Today I reversed my usual order, and did the Form, Five Golden Coins, and Eight Pieces of Silk. It was weird — like doing a completely different routine, really. All the snap-crackle-pop was in a completely different place and times in the routine than usual. There were unexpected tightnesses in places, like the first Snake Creeps Down in the form, but very easy bits, like Carrying Milk to Heaven, which is the last posture in Five Golden Coins. Overall, an interesting and useful exercise.
(Far more annoying to me is the discovery that Safari’s new command-I key no longer defaults to let the WordPress site treat that as an italics directive… which means unlearning keyboard shortcuts for writing this blog that helped me with my workflow and my writing process. Argh! What a way to discover that command-I now opens up a new e-mail!? No!)

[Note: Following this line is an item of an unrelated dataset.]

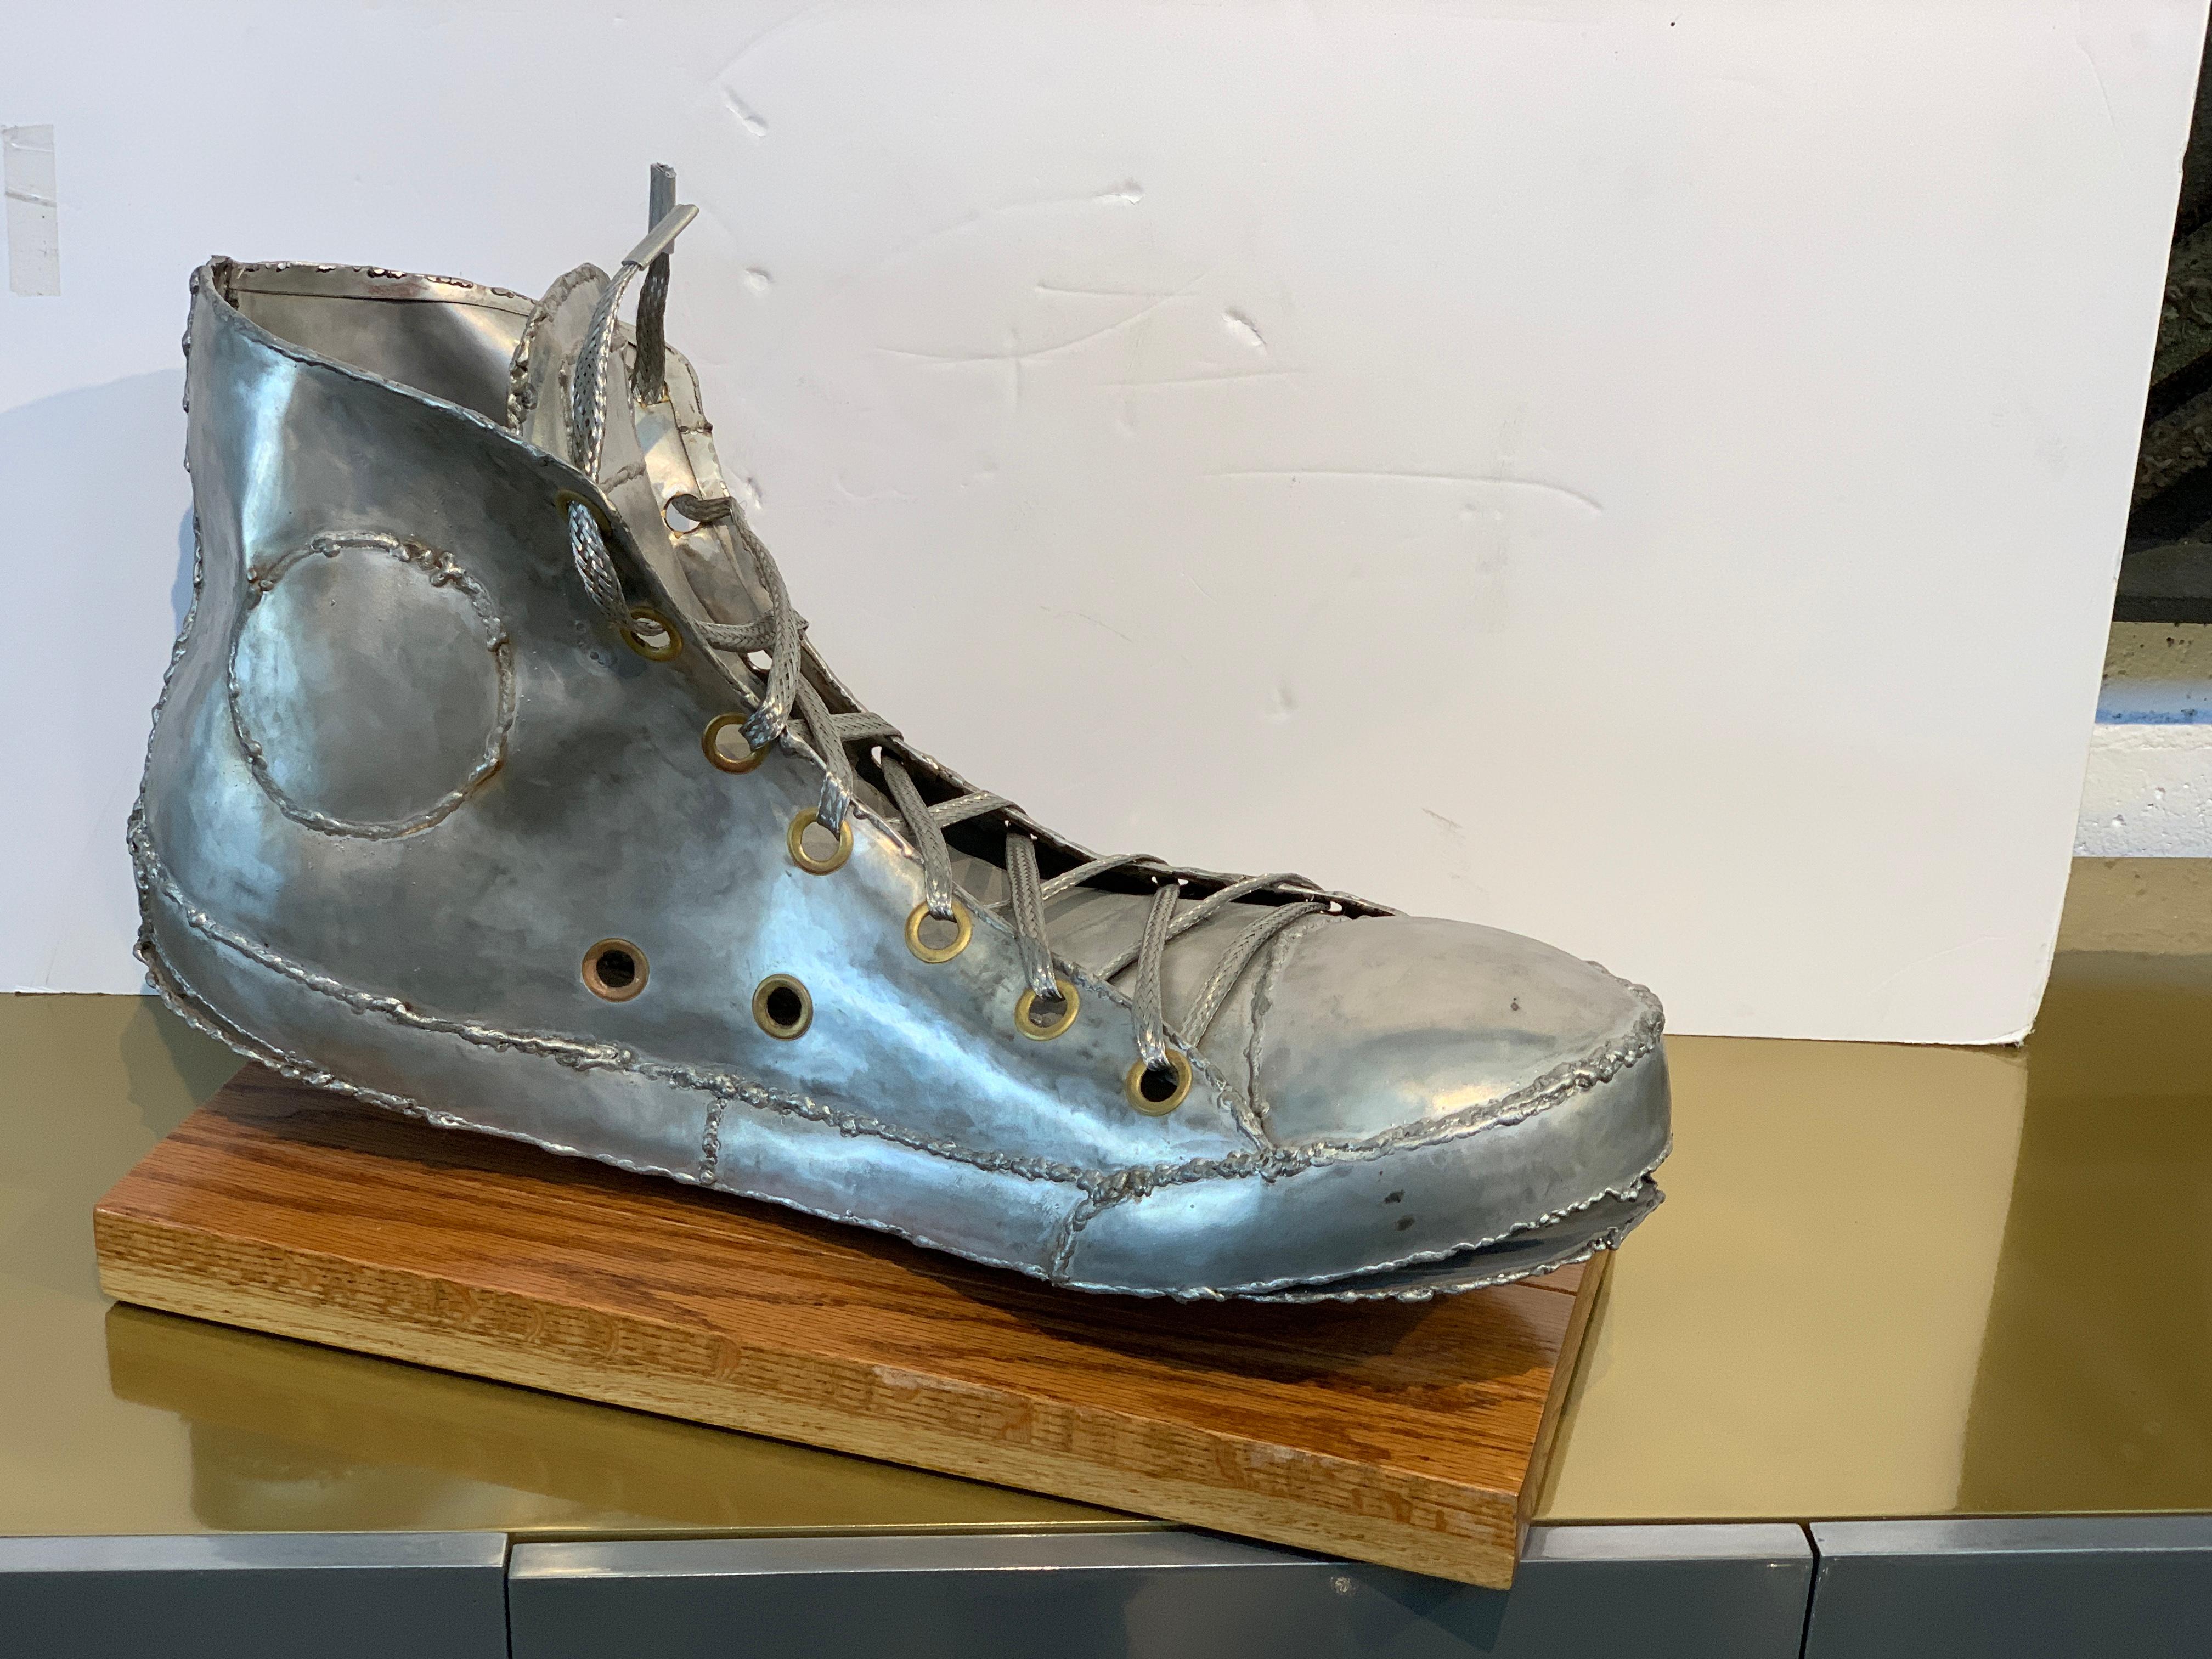 A marvelous sculpture of a Converse Chuck Taylor sneaker in Aluminum(?) or metal. A magnet does not adhere. It is hand welded or soldered and is monogrammed on the tongue, which is pictured. The sculptured is mounted on an oak base. The sculpture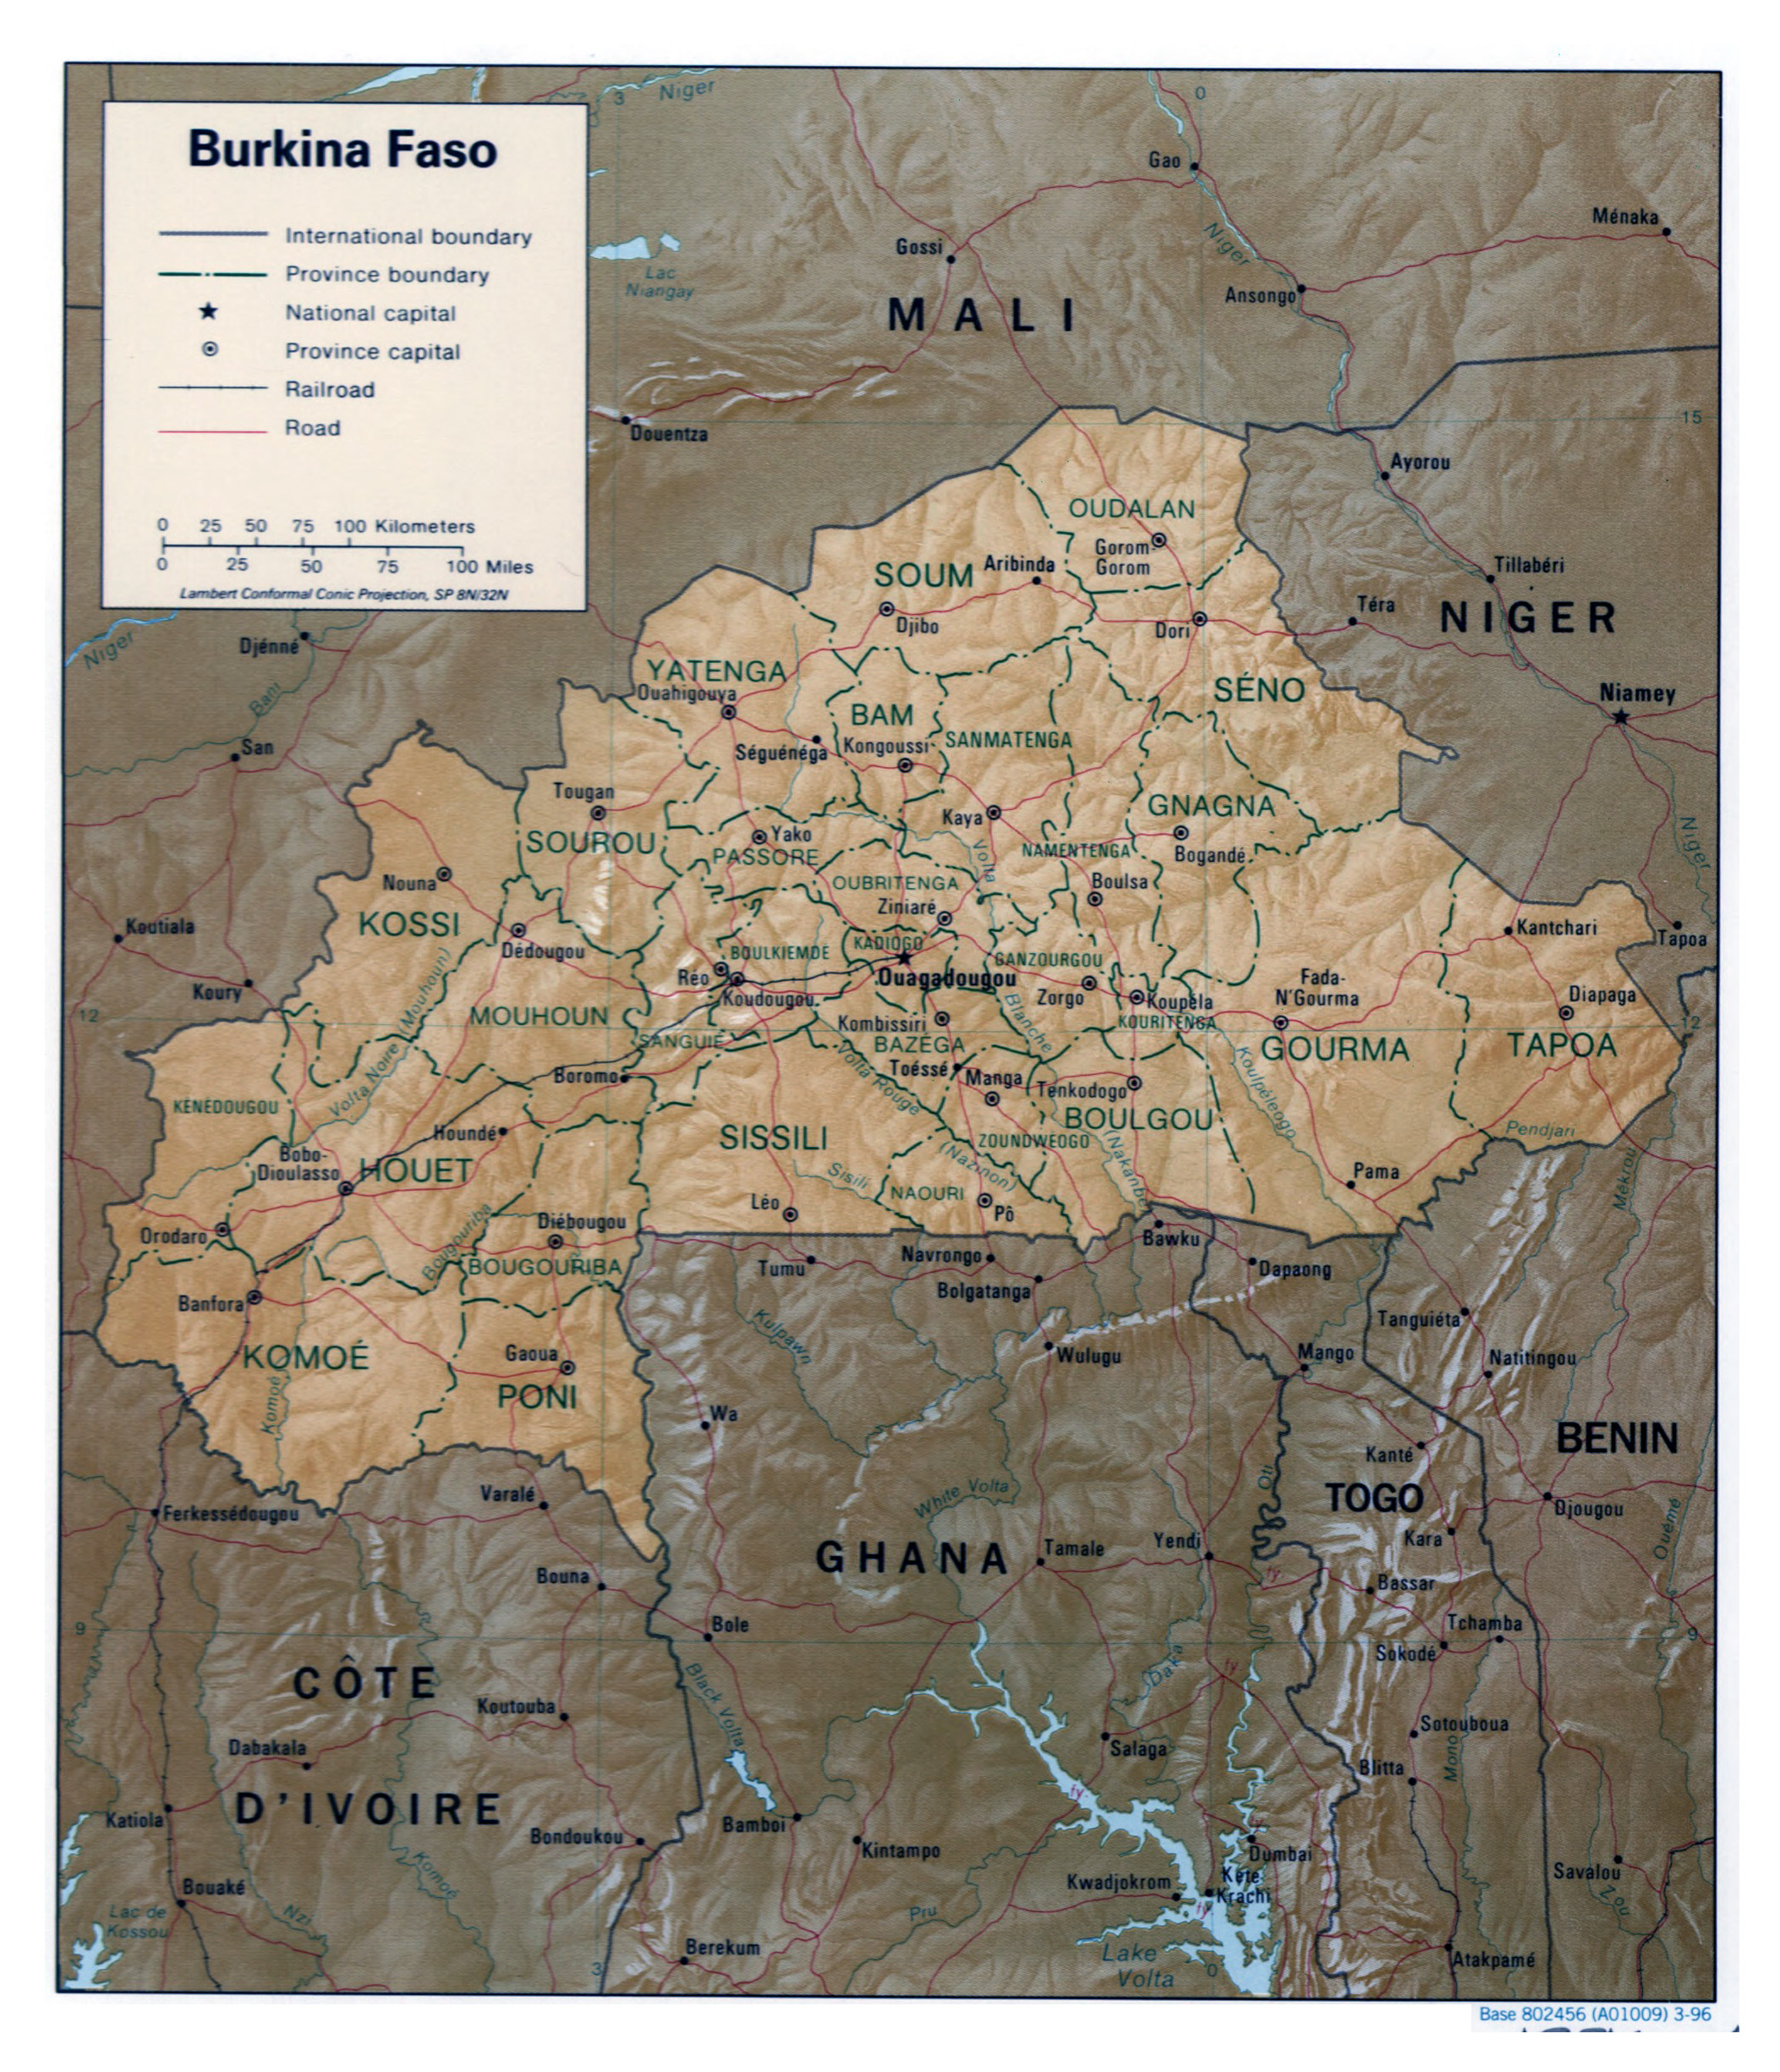 Large Detailed Political And Administrative Map Of Burkina Faso With

Back to tai chi. Reversing order put a lot of things into perspective about the risks of habits. By doing the elements of my practice in a different order, I realized how much inattention I’d applied to breath. Breath is fundamental to a tai chi practice, possibly to any practice of any kind at all. And I’d been neglecting it in favor of making my right foot hit my left hand and my right hand during a Windmill Kick (Curse you, Safari! Ok, I’m done now. It’s just a habit, and it can be unlearned just as it was learned). Being aware of each stretch is also valuable, and I’d forgotten that part of the practice too. We keep coming back to the awareness that habits of body are as awkward as habits of mind; that habits of mind are just that — habits, automatic responses, which may or may not keep serving us.
Deborah Castellano’s piece today is about learning to innovate enough in your practice. I don’t innovate enough when it comes to tai chi. It’s just the three forms, over and over and over again. But, like the rest of the magical community, I’m started reading Financial Sorcery by Jason Miller this morning, and it includes being reminded again and again about the importance of changing your set point… what do you have? What do you want? How will you get it? I have a couple of set-points that I need to change, with regard to weight, financial success, and the design work I’m doing, and I think it’s powerful stuff. Good book, read it, buy it, borrow it.
But the point here is that we can’t get hung up on habits of mind or of body. I had a conversation yesterday with a friend of mine, and it amounted to the first strategical-magical consultation I’ve ever really performed. In the conversation, it became clear that this person had gotten all hung-up on the habits of going out, finding a job, and trying to make ends meet within that realm of options. That’s what you do, right?
Instead, I pointed out that the kind of life she wanted to live was conducive to starting a sole proprietorship type of business. She did a lot of business-related travel; she did a lot of work in her house (or more often in other people’s houses); she arranged her life and her world in a lot of ways that made business sense… but she wasn’t treating the expenses of those aspects of her life as business expenses. Just as I’d fallen into the habit of doing Five Gold Coins and Eight Pieces of Silk and the Form, day in and day out, she’d gotten used to the idea that the money flowing in came only from her employer (and not from her very own clients), and that her expenses were hers and hers alone to figure out how to pay.
I’m not a financial advisor, and this blog post is about tai chi and daily practice rather than money. But I think that Deb is onto something this morning, as is Jason in Financial Sorcery (and apparently, now, me too…). Break up habits from time to time, if only to see what beasts are lurking underneath.